Prompt
Copy the records below exactly, from the line containing "Acrylic Poster Support" through the last line, and leave out every picture.

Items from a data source
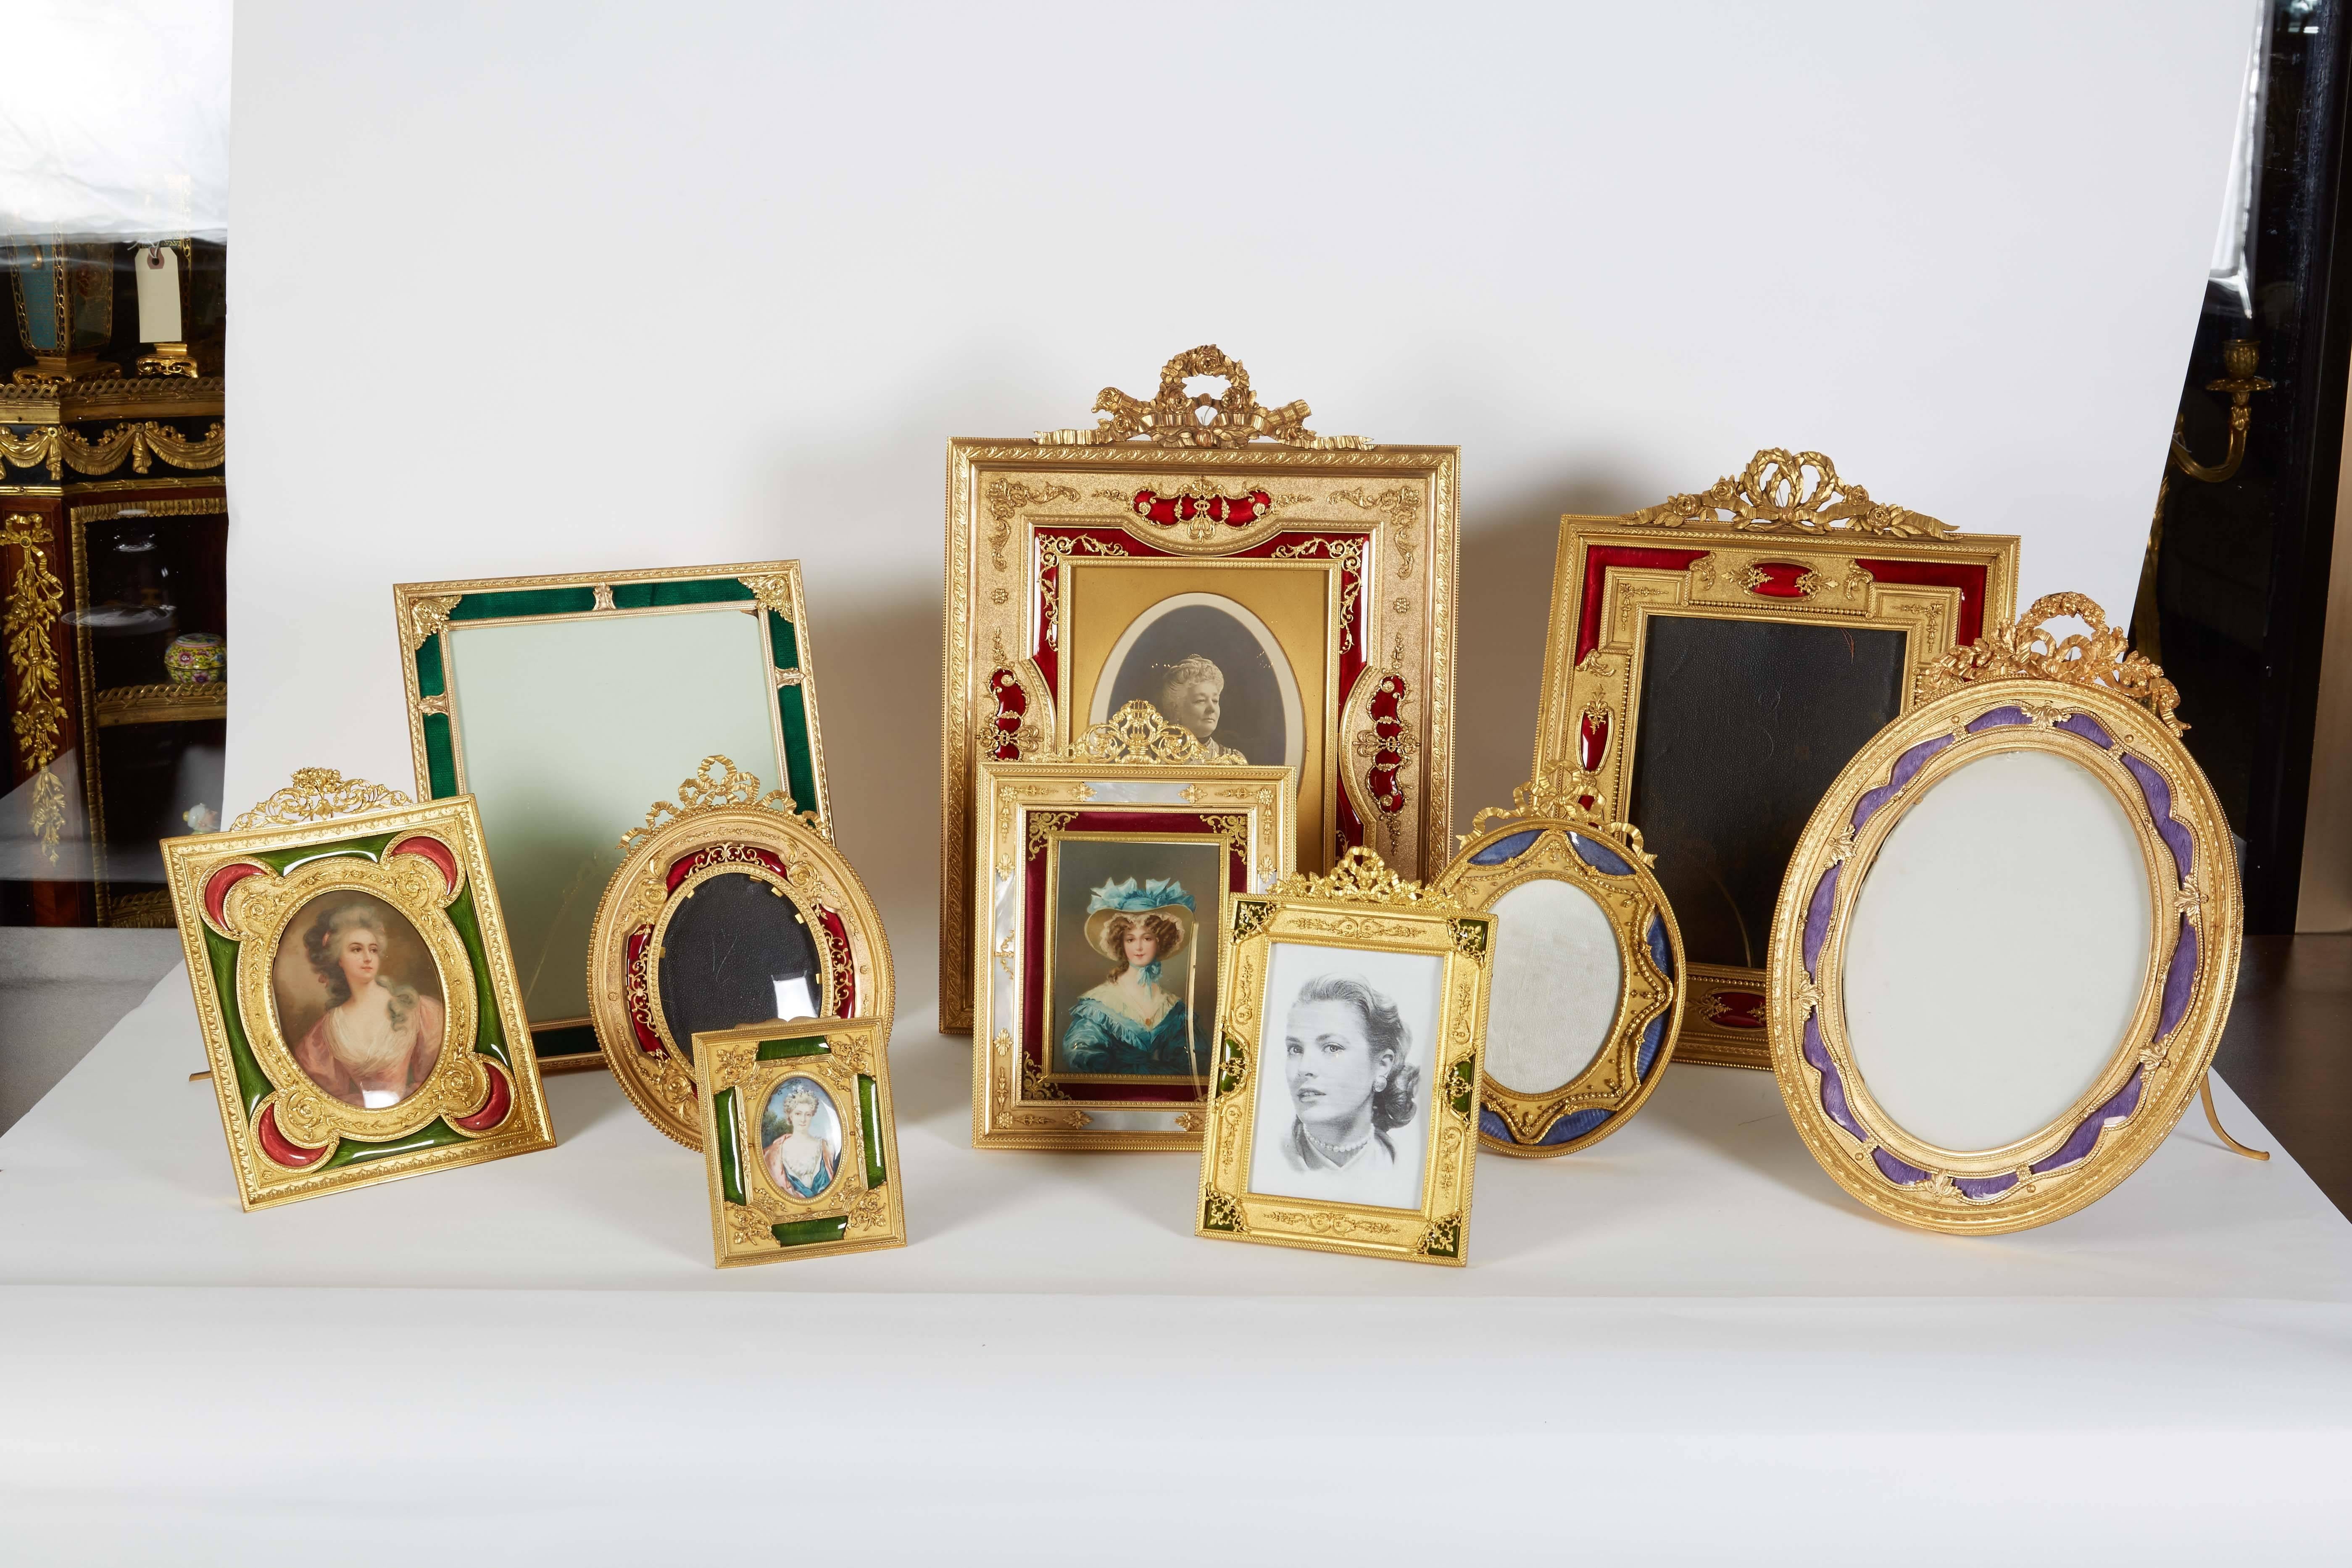 A French gilt bronze ormolu and purple Guilloche enamel picture photo frame, 19th century.

Frame size: 14.5 x 11 inches.
Photo size: 9.5 x 7 inches.
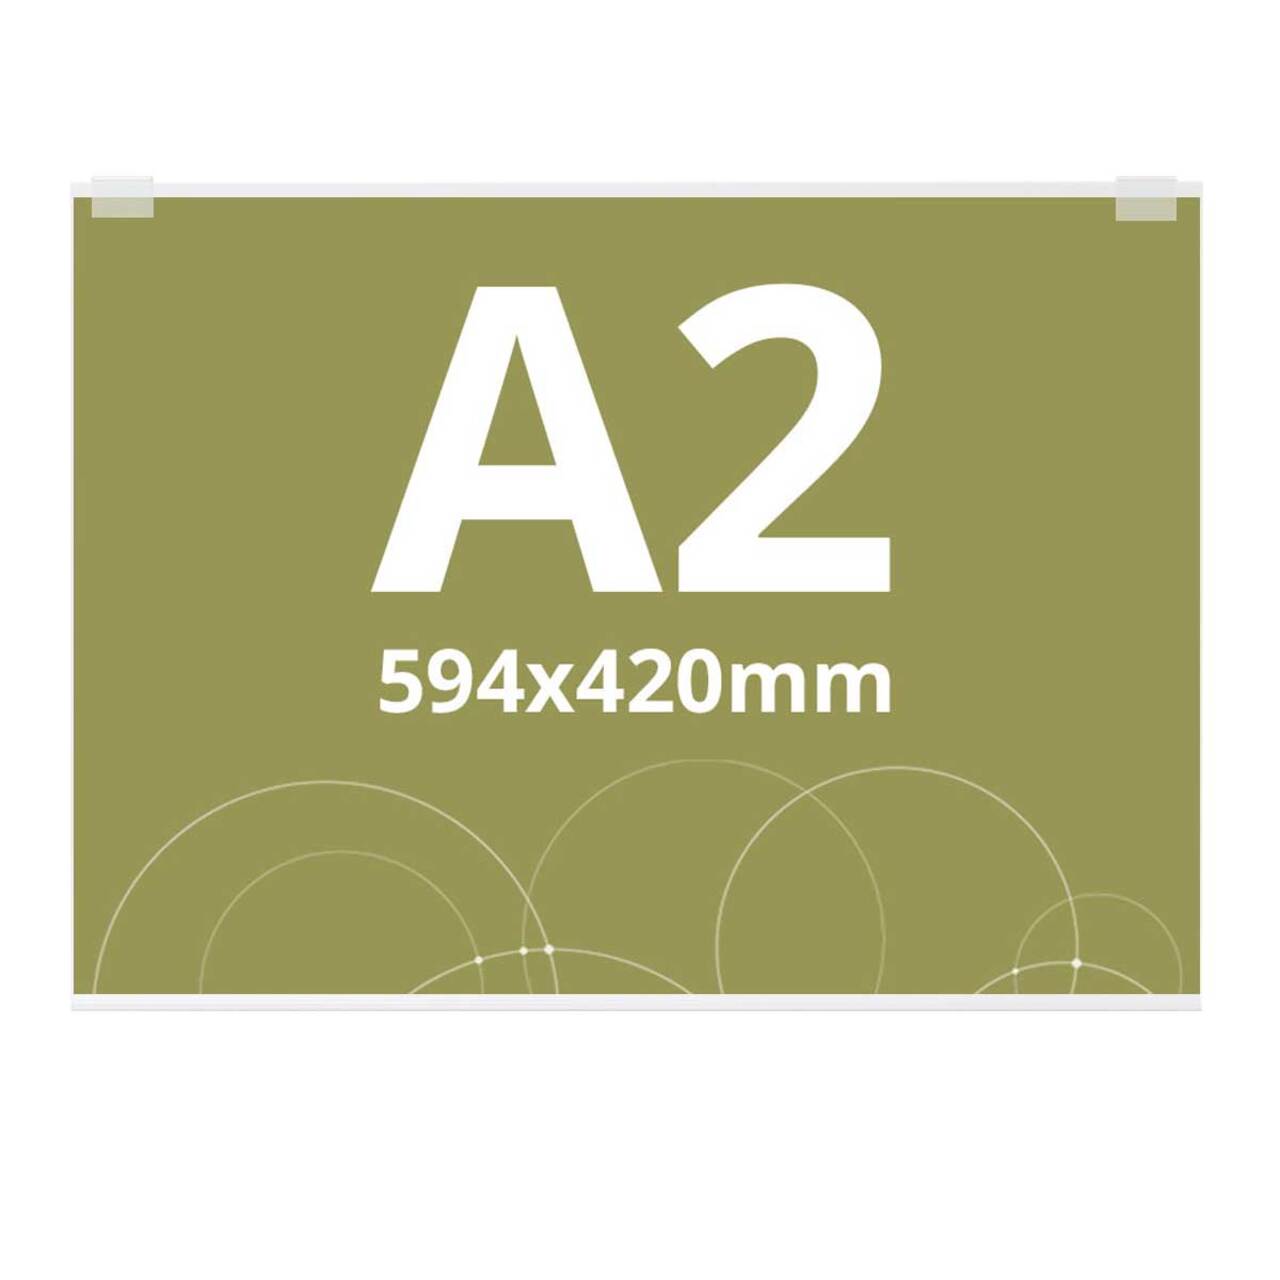 Acrylic Poster Support A2, JJ DISPLAYS, 420 x 594 mm, Landscape
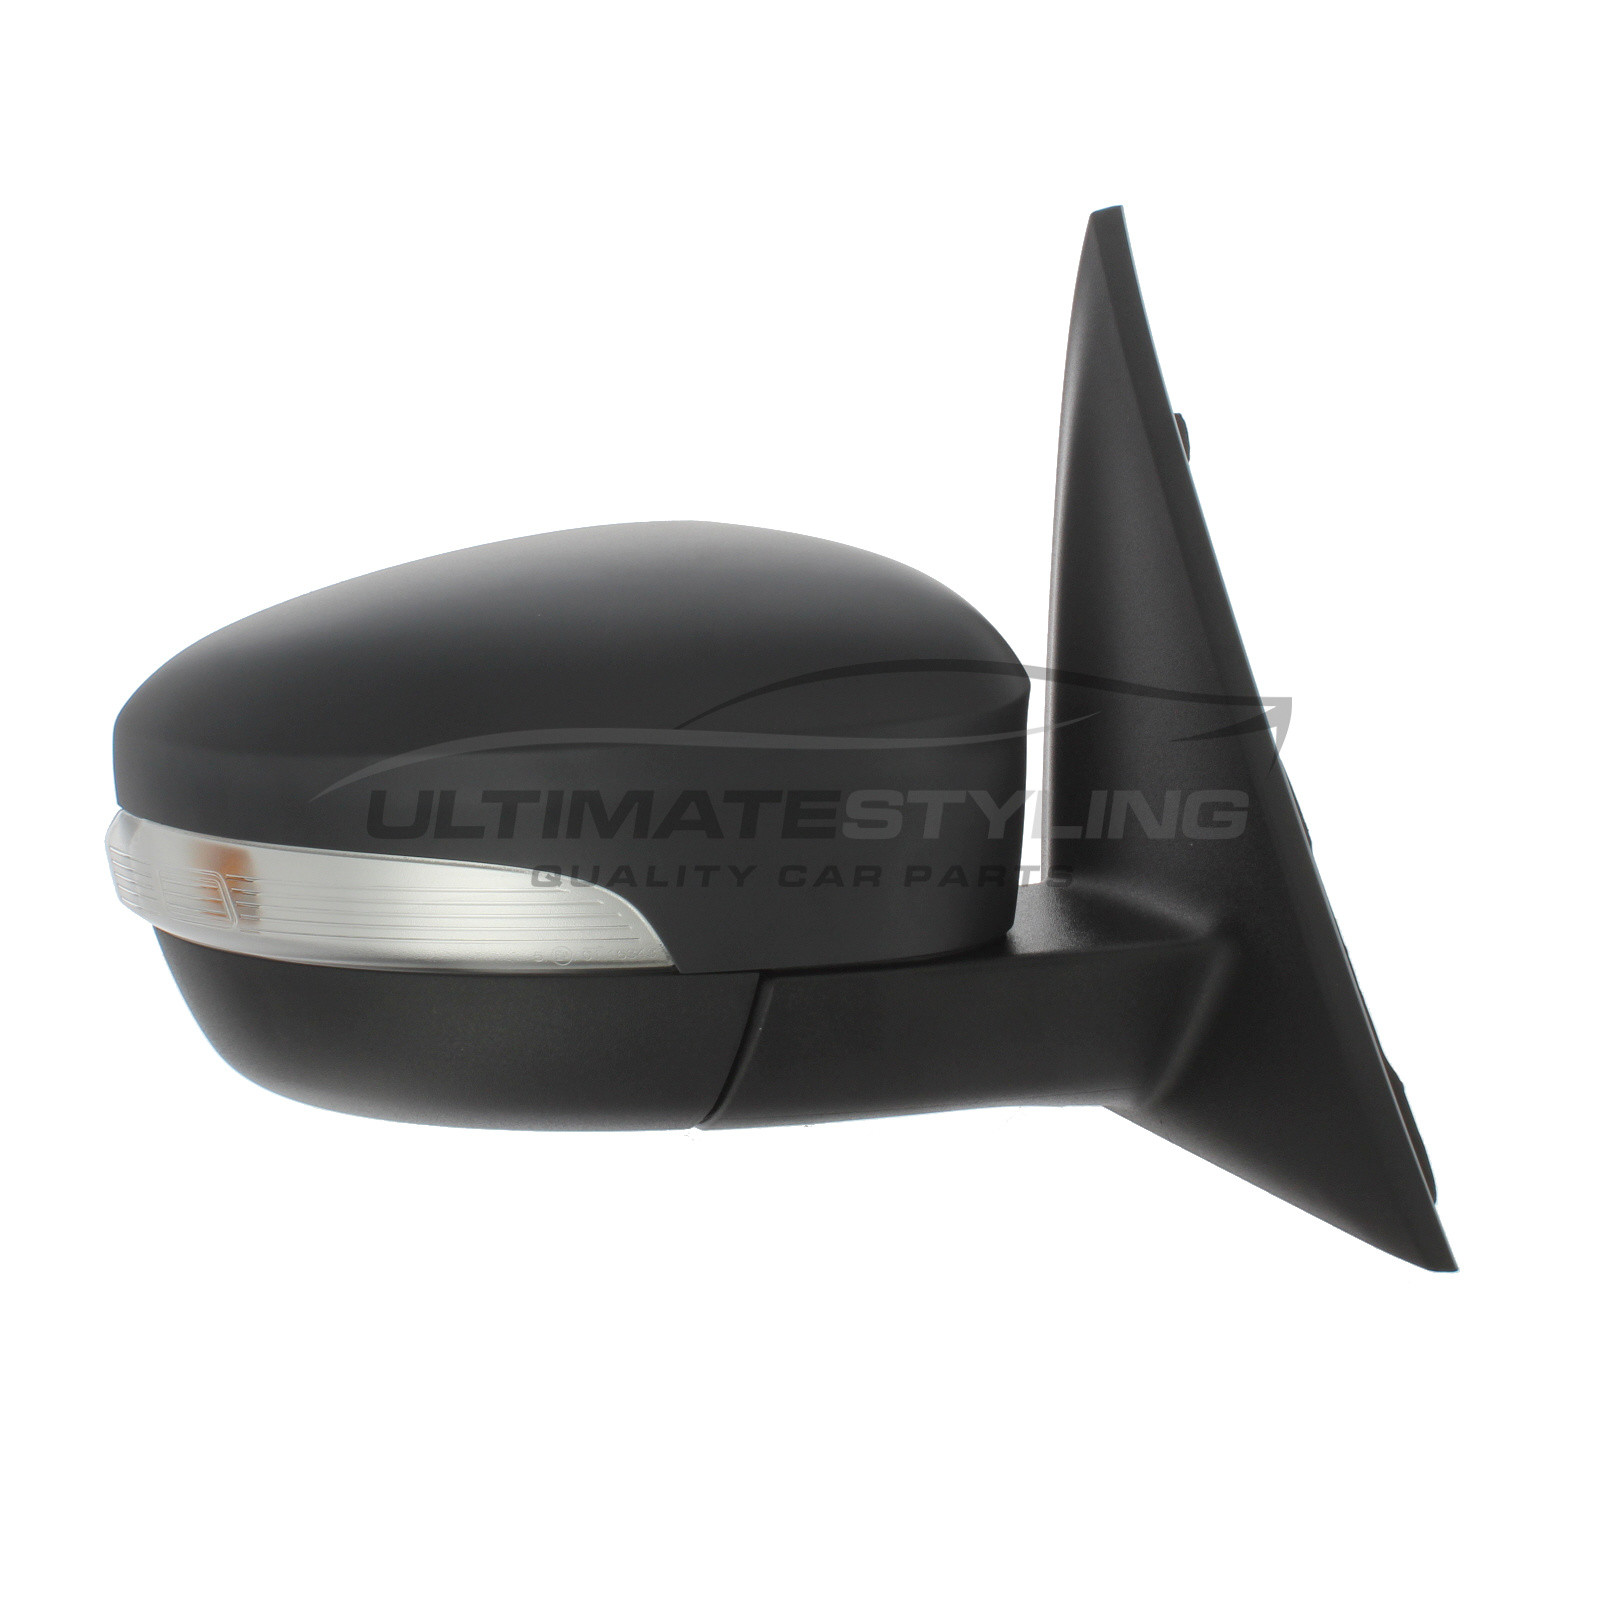 Ford Galaxy / S-MAX Wing Mirror / Door Mirror - Drivers Side (RH) - Electric adjustment - Heated Glass - Power Folding - Indicator - Puddle Light - Primed
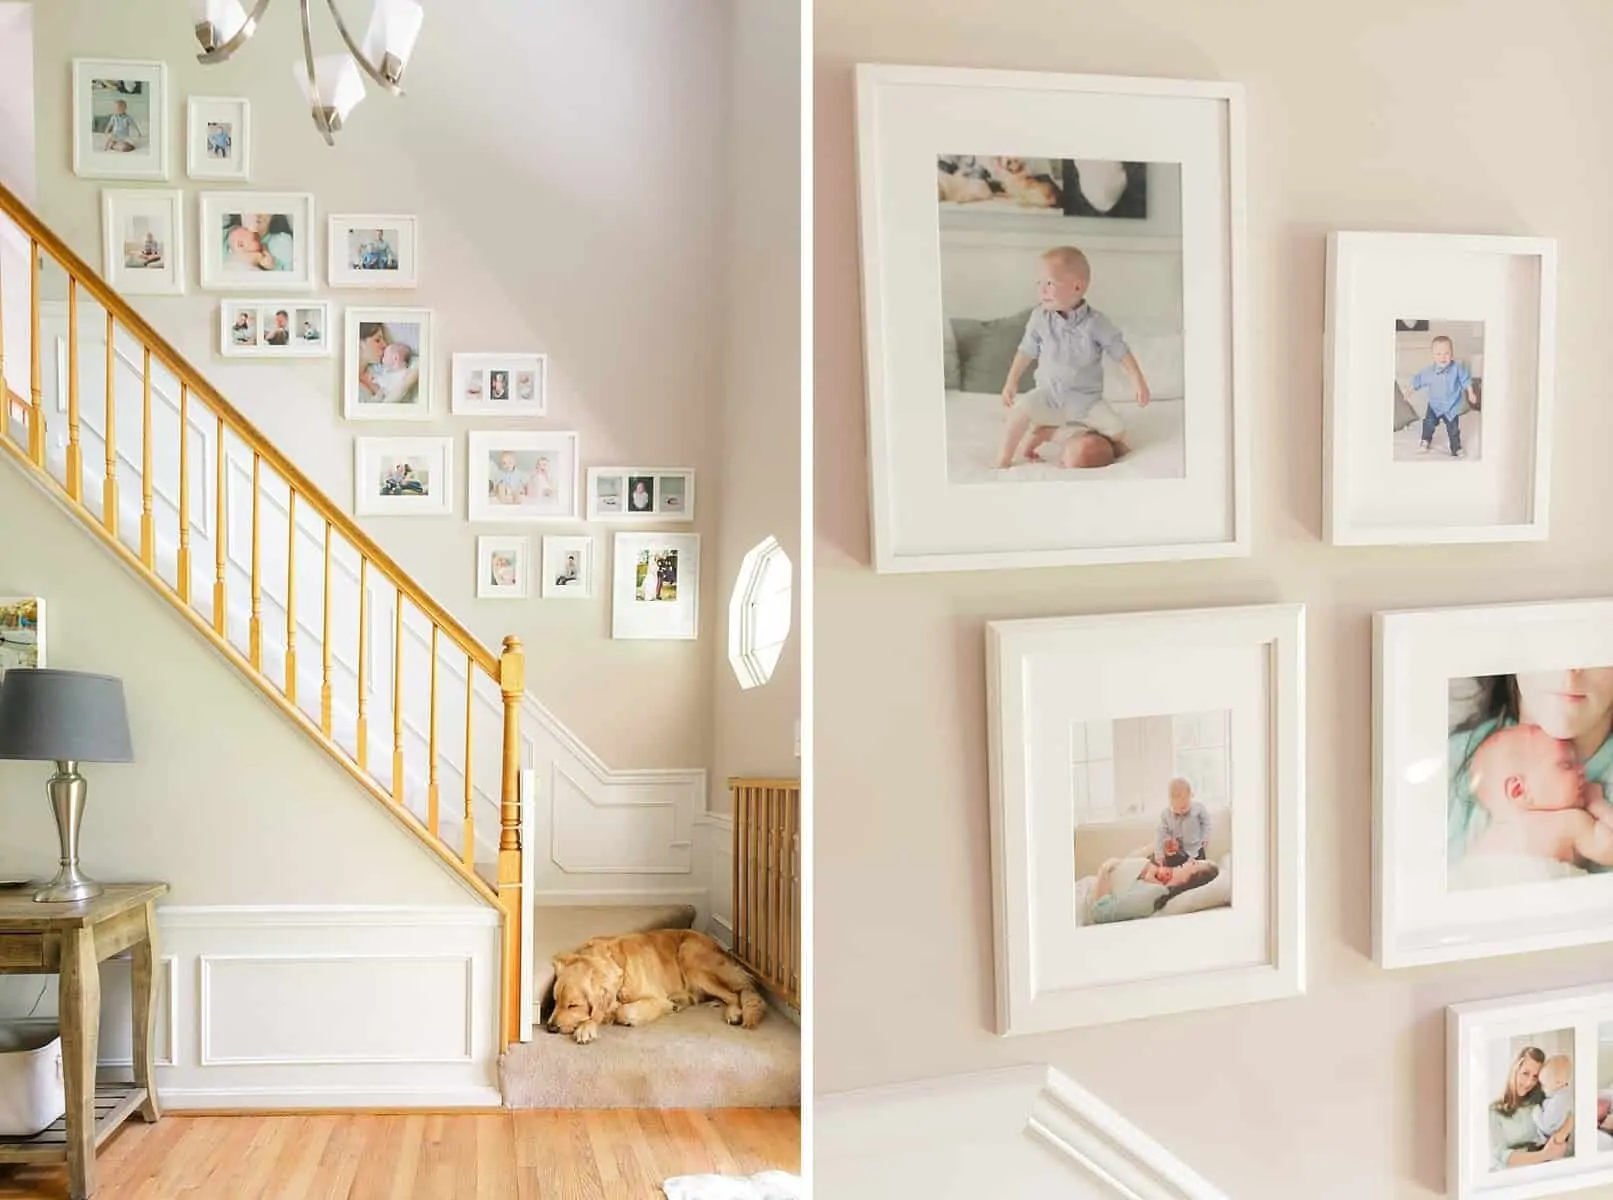 Decorating Your Home With Photos - My Staircase Gallery Wall

Exercise response
 Acrylic Poster Support A2, JJ DISPLAYS, 420 x 594 mm, Landscape
 Ford Galaxy / S-MAX Wing Mirror / Door Mirror - Drivers Side (RH) - Electric adjustment - Heated Glass - Power Folding - Indicator - Puddle Light - Primed
 Decorating Your Home With Photos - My Staircase Gallery Wall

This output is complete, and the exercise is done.